A different way of generalizing the naive background model is to allow several different classes of sequence, each with its own particular base distribution (which could be zeroth-order or higher-order). We call these ‘mosaic models’, since their underlying assumption is that genome evolution includes some set of constraints which act non-uniformly, even on background sequence.

To test the effect of mosaic models, we took a set of 192 non-redundant human promoter sequences from release 69 of the Eukaryotic Promoter Database (16). These were split into 142 training sequences and 50 test sequences. For each model architecture, the parameters were optimized on the training sequences using the Baum–Welch algorithm (7), as implemented in the BioJava HMM library, then the likelihood of the test sequences, given those learned parameters was calculated. Test likelihoods for a variety of class numbers and Markov chain orders are shown in Figure 3. Considering just the one class ‘mosaics’, equivalent to classical Markov chain background models, we repeat the previously reported observation that higher-order Markov chains are better models of genomic DNA. However, we also see large increases in likelihood when moving to larger numbers of mosaic classes. Interestingly, the lines for zeroth-order and first-order models run almost parallel; this suggests that the benefits of mosaic models are almost orthogonal to the benefits of first-order models. However, this is not true when moving beyond first-order models.

Based on these results, we recommend the use of a four-class, first order, mosaic background model for most motif-finding applications on mammalian genomic sequence. In practice, the four classes appear to include a C+G rich class (corresponding to classically reported CpG islands), a purine-rich class, a pyrimidine-rich class and a final relatively neutral class. This four-class background model is used for all subsequent NestedMICA tests in this paper, and is available to download from the NestedMICA web site.

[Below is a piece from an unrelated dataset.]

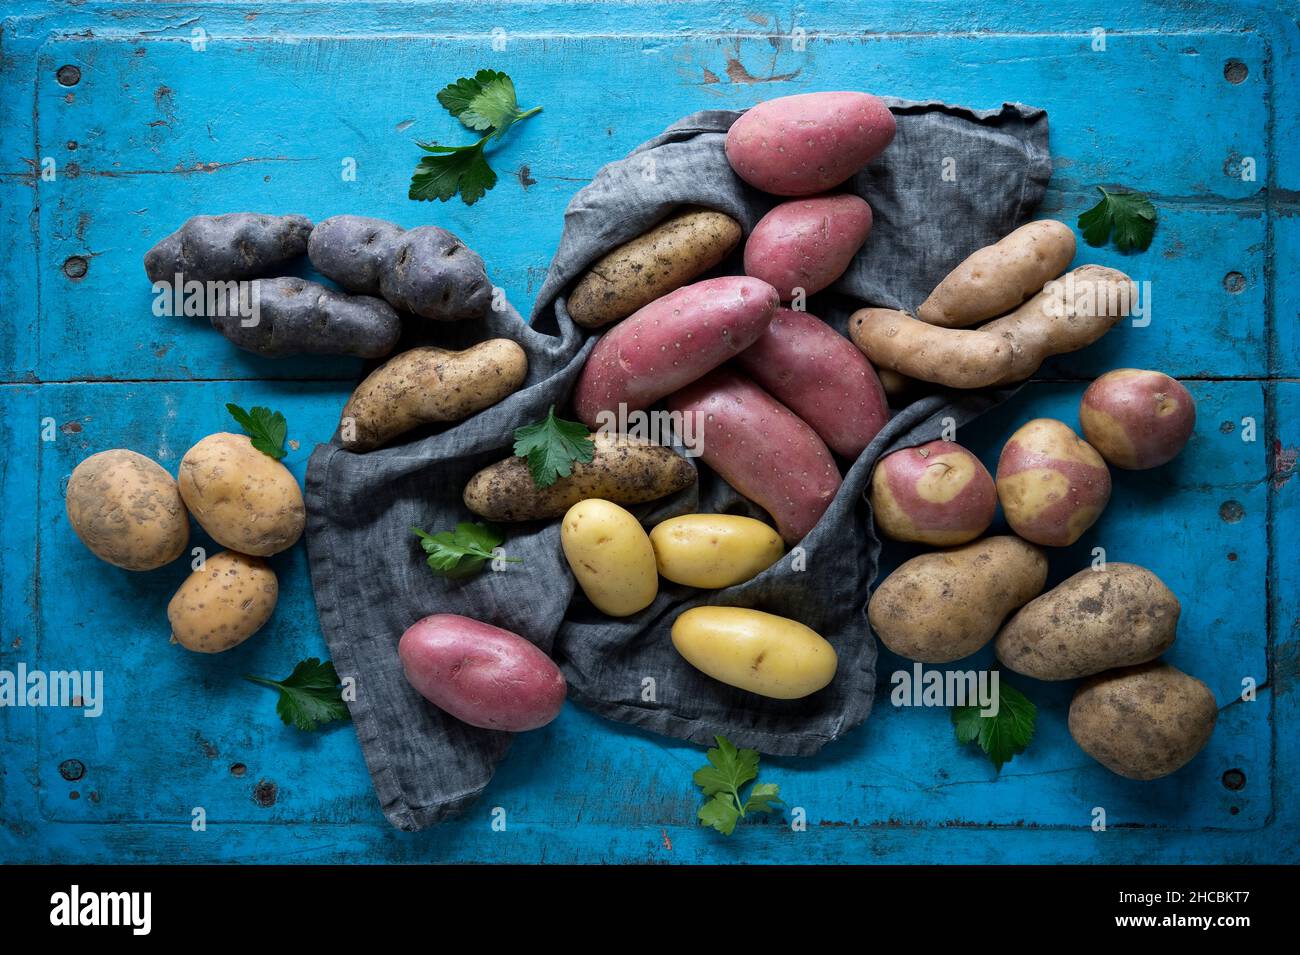 Studio shot of different variety of raw potatoes lying on blue painted wooden surface Stock Photo

### Synthetic data spiked with known motifs

Non-repetitive intergenic regions of various lengths were extracted randomly from the human genome (release NCBI34) using gene and repeat annotation from the Ensembl human database release 20.34 (17). To generate test sequences for motif-finding programs, we selected experimentally derived transcription factor weight matrices from the JASPAR database (18), and generated target motifs by sampling from the weight matrices, assuming each position of the motif is independent. Target motifs were inserted into the intergenic regions at random positions. In cases where more than one motif was inserted into a single sequence, non-overlapping positions were chosen.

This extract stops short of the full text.